Die Bibel macht uns so oft Mut





Manchmal stöbere ich in der Bibel.
Ich schlage sie irgendwo auf, blättere, lese, wo ich da zufällig gelandet bin
und lese mich oft an einer Stelle fest.

Mit anderen Büchern kann man das nicht machen.
Romane wollen vom Anfang gelesen werden,
sonst kommt man nicht in die Geschichte rein.

Bei der Bibel ist man fast immer gleich drin, und immer stösst man auf etwas
Erstaunliches, Wunderbares oder Ergreifendes.

Beim Stöbern stelle ich zum Beispiel fest, wie häufig es in der Bibel heisst:

"Fürchte dich nicht!"

Jedes Mal ist es Gott, der so spricht, oder ein Engel
oder Jesus Christus, und offenbar können sie es uns nicht oft genug sagen:

"Fürchte dich nicht!"

Aus der Sicht Gottes scheinen wir ziemlich schreckhafte, ängstliche Wesen zu sein.
Maria ist fassungslos, als der Engel ihr die Botschaft von ihrer Schwangerschaft
überbringt - "Fürchte dich nicht!", sagt der Engel.

Die Hirten von Bethlehem sind zu Tode erschrocken,
als sich der Nachthimmel über ihnen öffnet und die Herrlichkeit
Gottes sichtbar wird - "Fürchtet euch nicht!", sagt der Engel.

Und der Prophet Ezechiel ... aber dafür muss ich etwas weiter ausholen.

Gott will nämlich, dass Ezechiel seinen Mitmenschen unangenehme Dinge sagt wie:
"Hört endlich auf, euch so zu verhalten, dass spätere Generationen darunter leiden
müssen ...".

So etwas hört man bis heute nicht gern, und man sieht förmlich, wie
Ezechiel bleich wird.
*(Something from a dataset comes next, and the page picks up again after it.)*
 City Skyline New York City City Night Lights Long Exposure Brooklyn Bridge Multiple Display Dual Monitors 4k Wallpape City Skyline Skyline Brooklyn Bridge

Da sagt Gott: "Fürchte dich nicht vor ihnen und vor ihren Worten.
Fürchte dich nicht, auch wenn sie so widerspenstig wie Dornengestrüpp sind und du glaubst,
auf Skorpionen zu sitzen. Vor ihren Worten fürchte dich nicht, und vor ihren Gesichtern
hab keine Angst!"

Grossartig. In der Bibel wird nie drum herum geredet.

Ezechiel weiss jetzt, dass ihn jede Menge Ärger erwartet.
Aber nachdem Gott ihm so gut zugeredet hat, traut er sich die Sache zu.

"Fürchte dich nicht!" -
mit diesem Satz im Ohr tritt Ezechiel vor die Leute
und wird zu einer der ganz starken Figuren unter den Propheten Israels.
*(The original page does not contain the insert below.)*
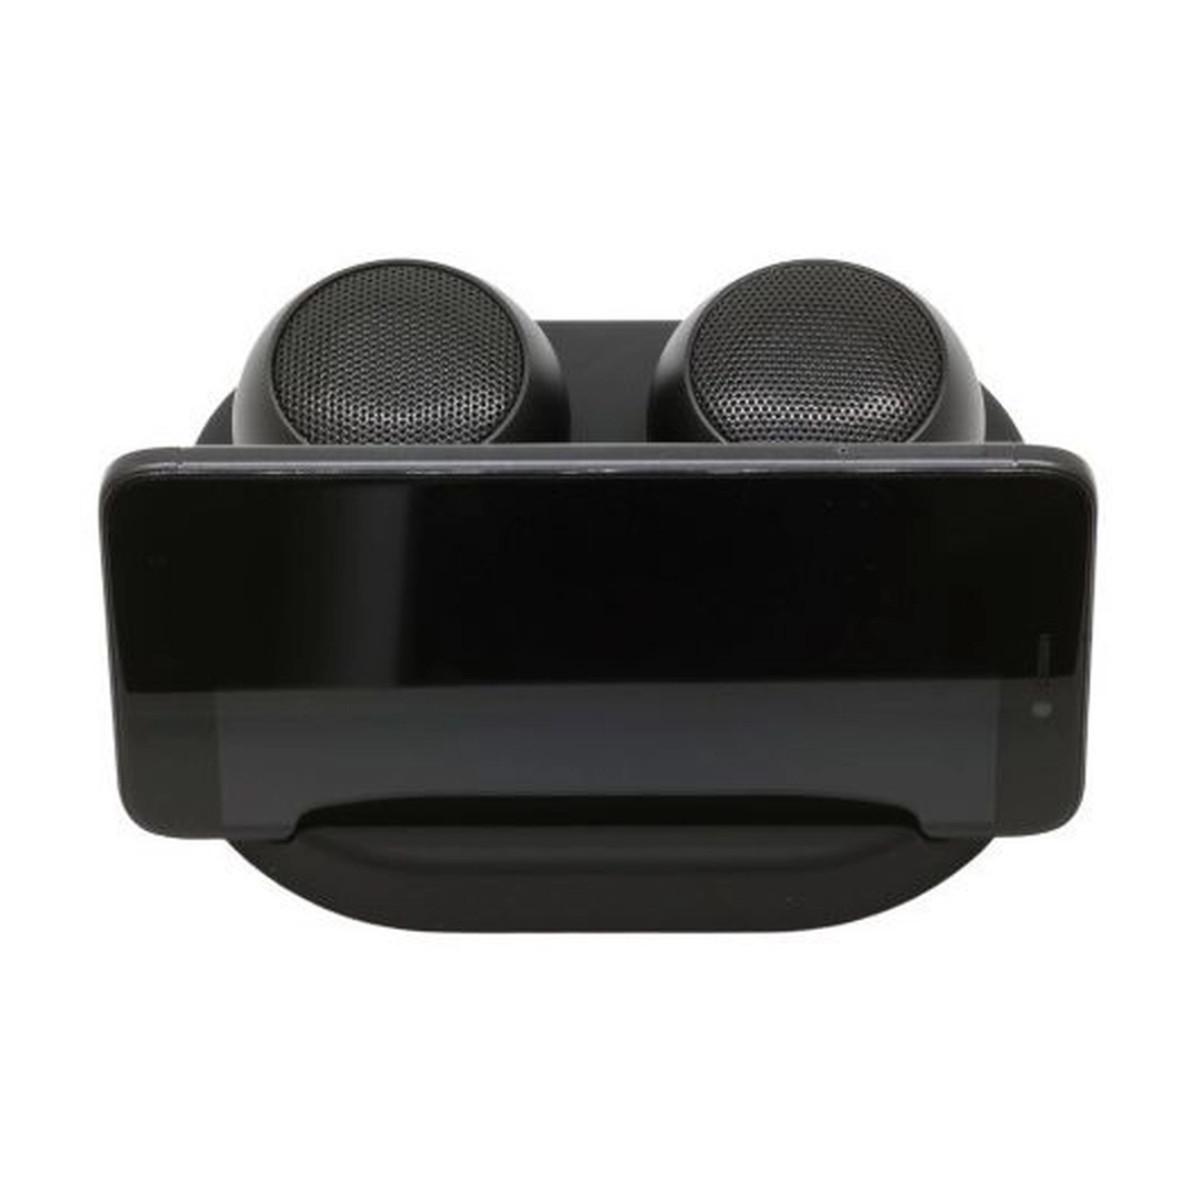 Mini Caixa De Som Gêmeas Speaker YX-K1

Allein für solche Sätze lohnt es sich,
ab und zu in der Bibel zu stöbern.
Finde ich.

Gott segne Sie.
Abtprimas Notker Wolf




Kann uralte Sehnsucht den Glauben ersetzen?
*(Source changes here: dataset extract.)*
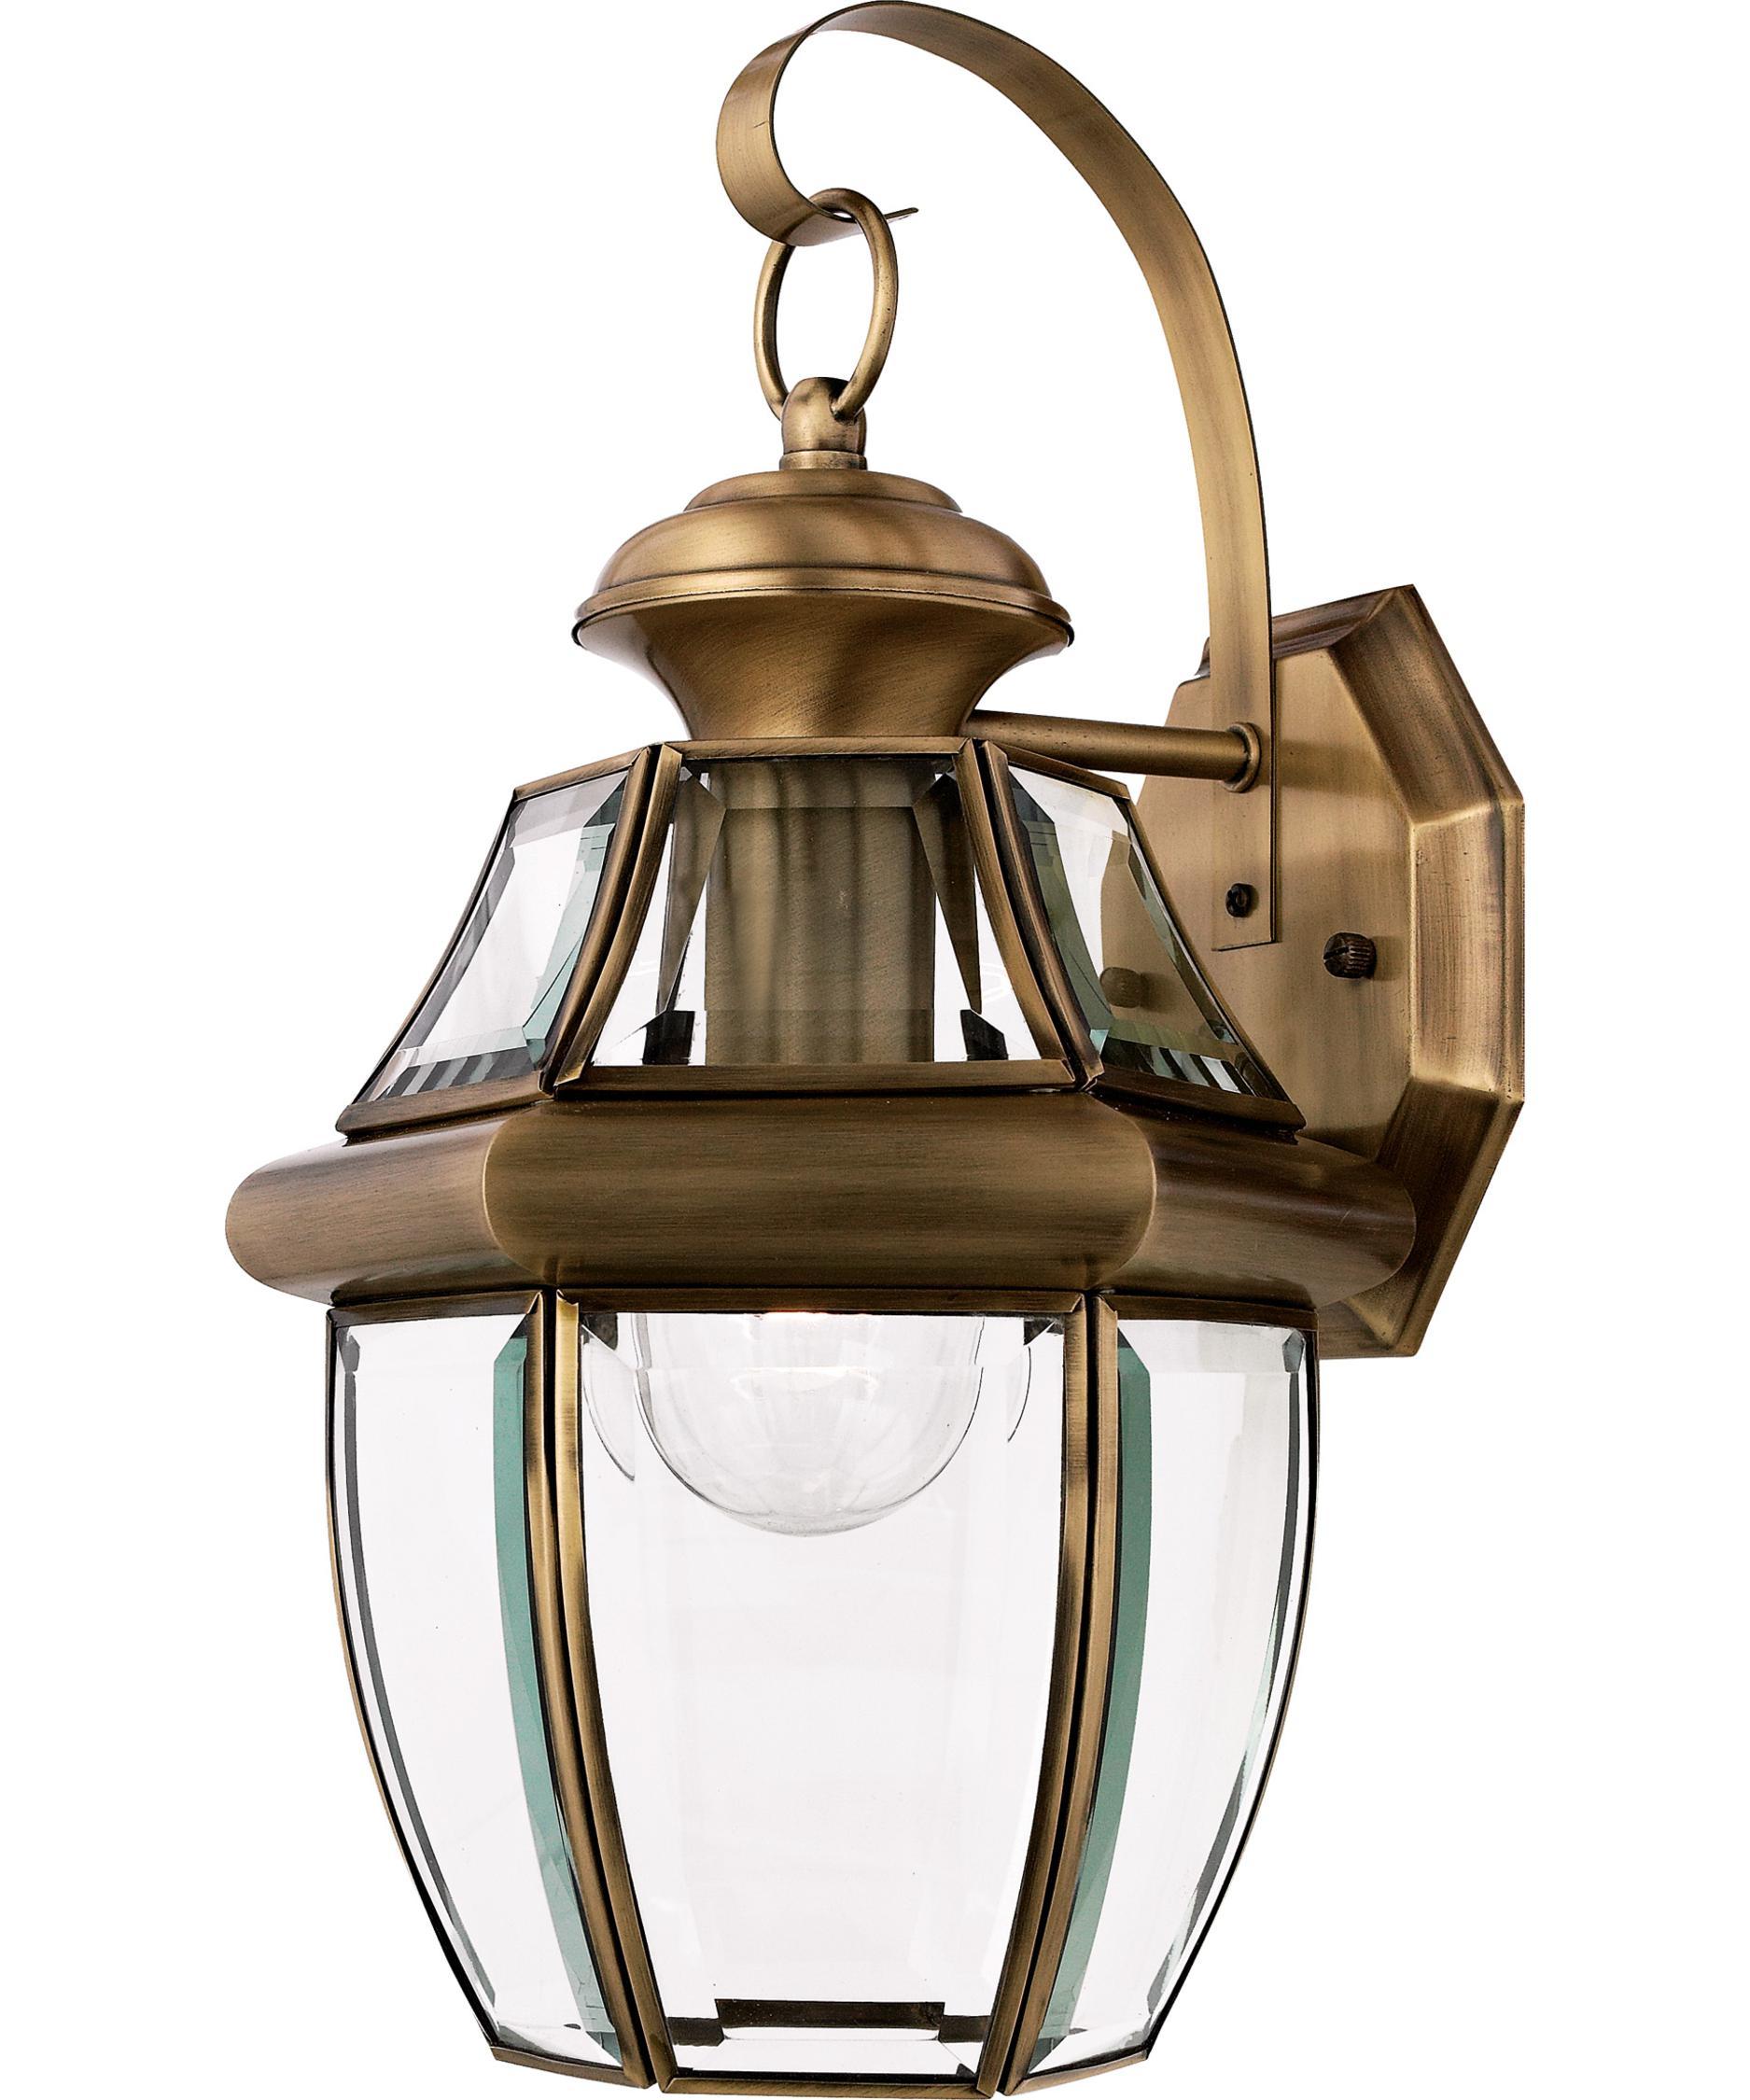 Quoizel NY8316 Newbury 9 Inch Wide 1 Light Outdoor Wall Light

Auf einer belebten Strasse drückte mir jemand ein Kärtchen in die Hand.
Ich las: "Meditieren mit Delphinen, Einhörnern und Engeln".
Offenbar warb da eine Therapeutin für sich, und ich gestehe:
Im ersten Augenblick musste ich lachen.
Wass für ein Unsinn, dachte ich kopfschüttelnd.
Delphine, Einhörner, Engel - geht es noch schräger?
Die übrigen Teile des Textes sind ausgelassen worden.